Included in trade creditors is £2,907,299 (2022: £3,442,473) relating to disbursements for which there is a corresponding balance included within trade debtors.
Bank loans are secured by fixed and floating charges over the LLP's assets.
Bank overdrafts and loans are secured by fixed and floating charges over the LLP's assets.
Finance lease payments represent rentals payable by the limited liability partnership for certain items of plant and machinery. Leases include purchase options at the end of the lease period, and no restrictions are placed on the use of the assets. The average lease term is 5 years. All leases are on a fixed repayment basis and no arrangements have been entered into for contingent rental payments.
Provisions comprise the partners estimate, based on a third party report, for dilapidations on the rented office premises that may fall due at the end of the lease term. The lease is due to expire in December 2023.
The limited liability partnership operates a defined contribution pension scheme for all qualifying employees. The assets of the scheme are held separately from those of the limited liability partnership in an independently administered fund.
At the reporting end date the limited liability partnership had outstanding commitments for future minimum lease payments under non-cancellable operating leases, which fall due as follows:
On 15 October 2021, Hodge Jones & Allen LLP purchased the non-legal aid business from Hodge Jones & Allen Solicitors Limited, a company under common control, for a total consideration of £12,816,691 including assets, liabilities and goodwill.
In the year, the limited liability partnership recharged Hodge Jones & Allen Solicitors Limited for shared costs for a net amount of £3,529,567 (2022: £1,131,624).
At the year end, Hodge Jones & Allen Solicitors Limited owed the limited liability partnership £33,976 (2022: £383,465) in relation to recharged expenses, and £294,378 (2022: £256,878) in relation to a contribution towards dilapidations due in greater than 1 year.
At the year end, the limited liability partnership owed Hodge Jones & Allen Solicitors Limited £767,250 (2022: £560,124) in relation to intercompany loans.
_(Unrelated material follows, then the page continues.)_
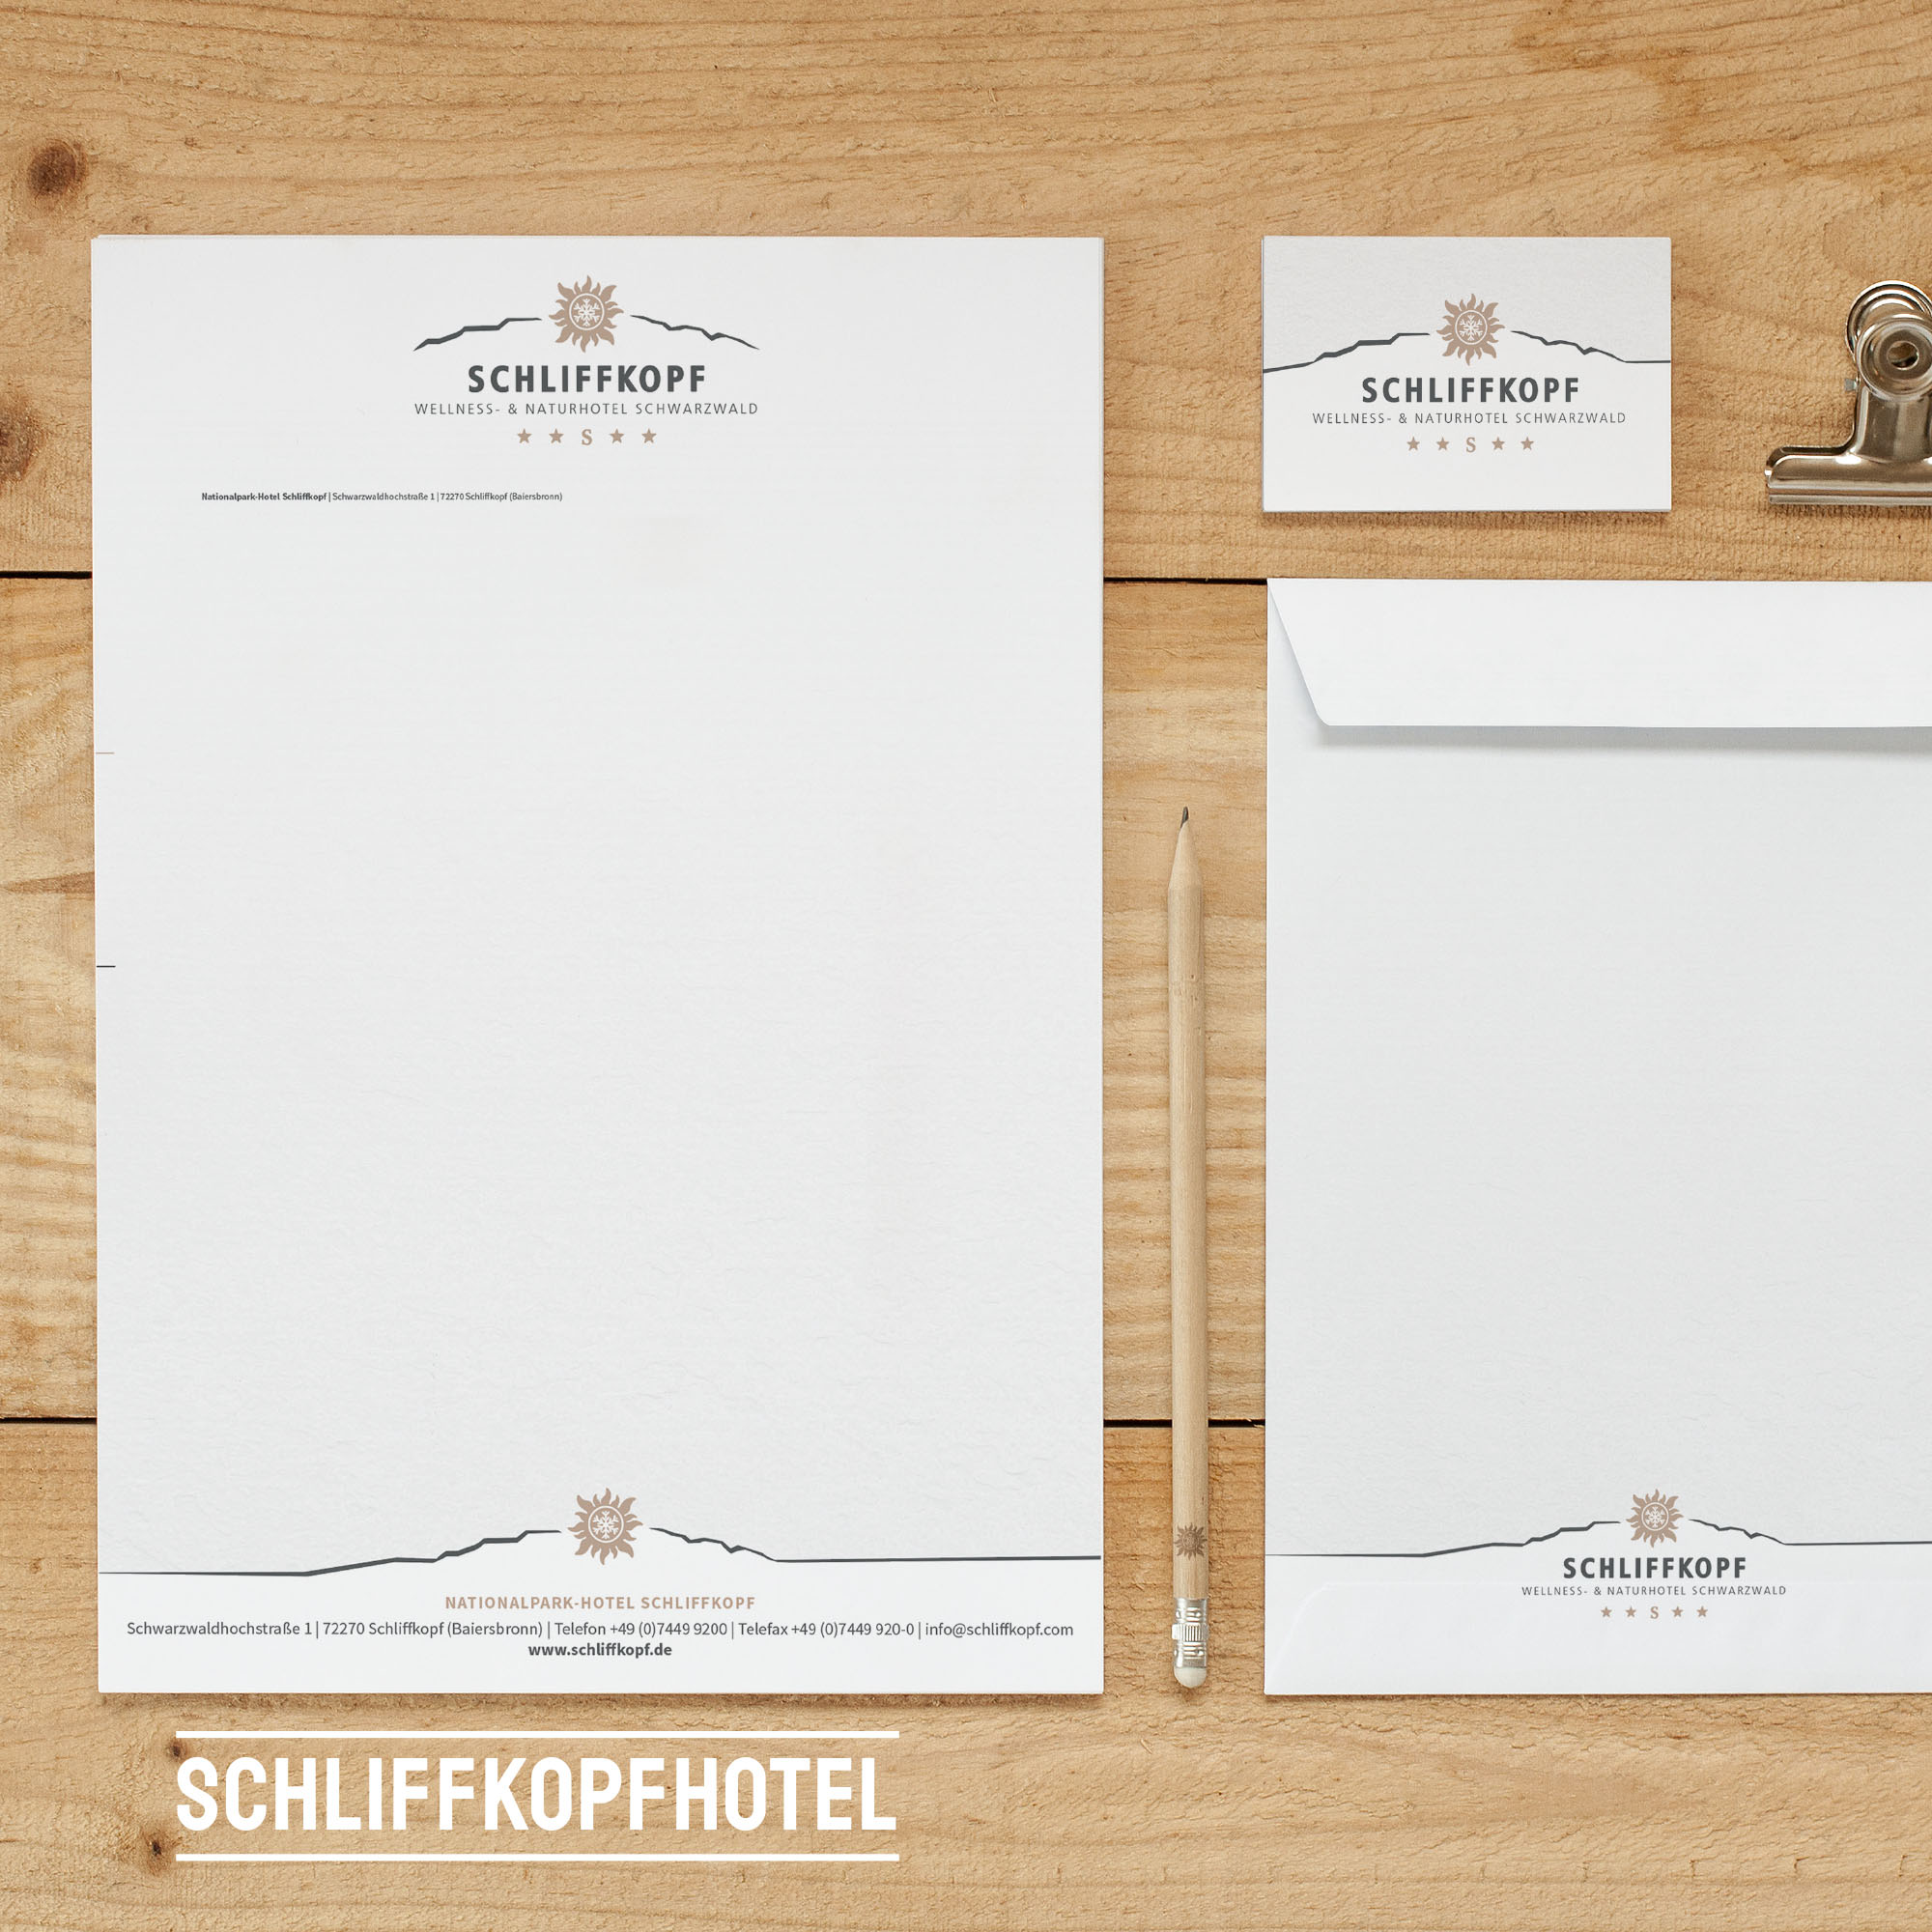 Schliffkopf Werbeartikel Projekte Kunden, Neuland design Branddesign Print & Websiten

The bank holds cross guarantees with Hodge Jones & Allen Solicitors Limited.
Members of the limited liability partnership have provided guarantees as follows:
P Allen £2,300,000
R Chada £200,000
J Kunwardia £200,000
C Wong £200,000
A Usewicz £200,000
L Williams £200,000
All guarantees accrue interest at 5%.
P Allen's guarantee contains a fixed and floating charge over the assets of the partnership.
Other loans outstanding of £536,419 have been guaranteed by members.
The ultimate controlling party is Patrick Allen.